Must have the same levels and length as \code{response}.}

\item{response}{(\code{factor()})\cr
Predicted response labels.
Must have the same levels and length as \code{truth}.}

\item{positive}{(\code{character(1)}) Name of the positive class in case of binary classification.}

\item{...}{(\code{any})\cr
Additional arguments.
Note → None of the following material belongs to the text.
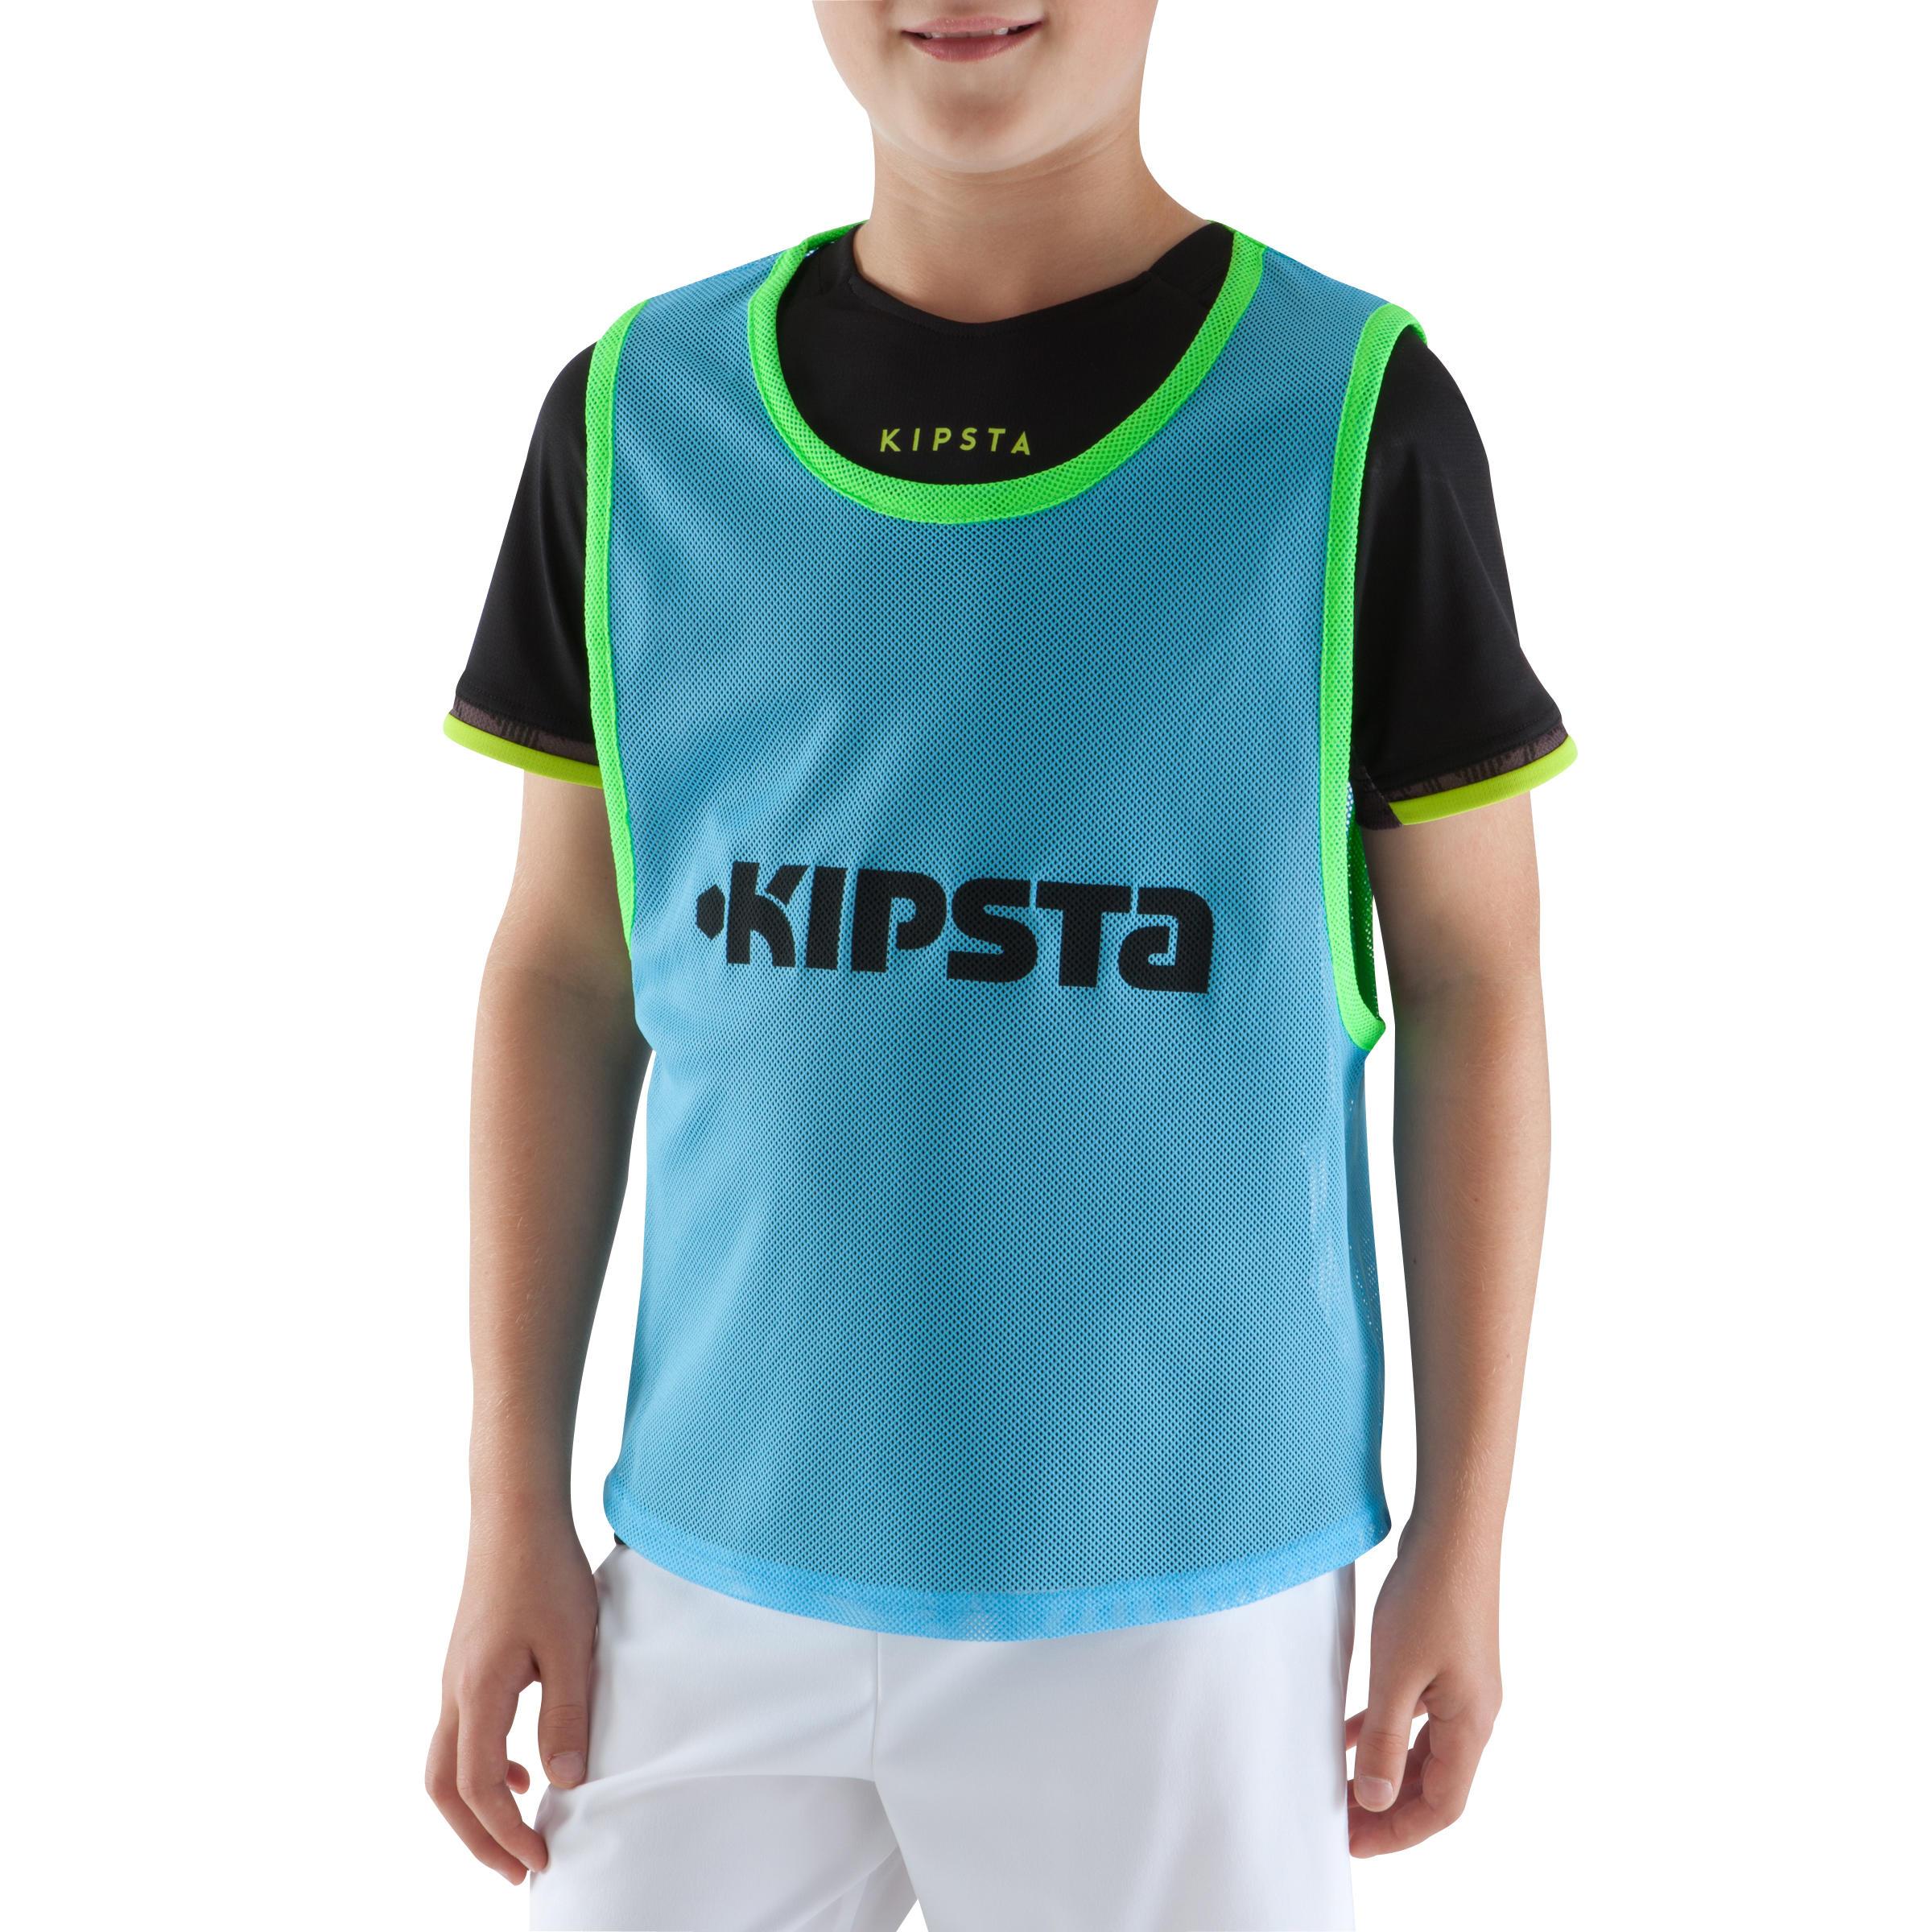 Dossard sports collectifs enfant bleu

Currently ignored.}
}
\value{
Performance value as \code{numeric(1)}.
}
\description{
Measure to compare true observed labels with predicted
labels
in multiclass classification tasks.
}
\details{
In the binary case, the Matthews Correlation Coefficient is defined as \deqn{
   \frac{\mathrm{TP} \cdot \mathrm{TN} - \mathrm{FP} \cdot \mathrm{FN}}{\sqrt{(\mathrm{TP} + \mathrm{FP}) (\mathrm{TP} + \mathrm{FN}) (\mathrm{TN} + \mathrm{FP}) (\mathrm{TN} + \mathrm{FN})}},
}{
   (TP * TN - FP * FN) / sqrt((TP + FP) * (TP + FN) * (TN + FP) * (TN + FN)),
}
where \eqn{TP}, \eqn{FP}, \eqn{TN}, \eqn{TP} are the number of true positives, false positives, true negatives, and false negatives respectively.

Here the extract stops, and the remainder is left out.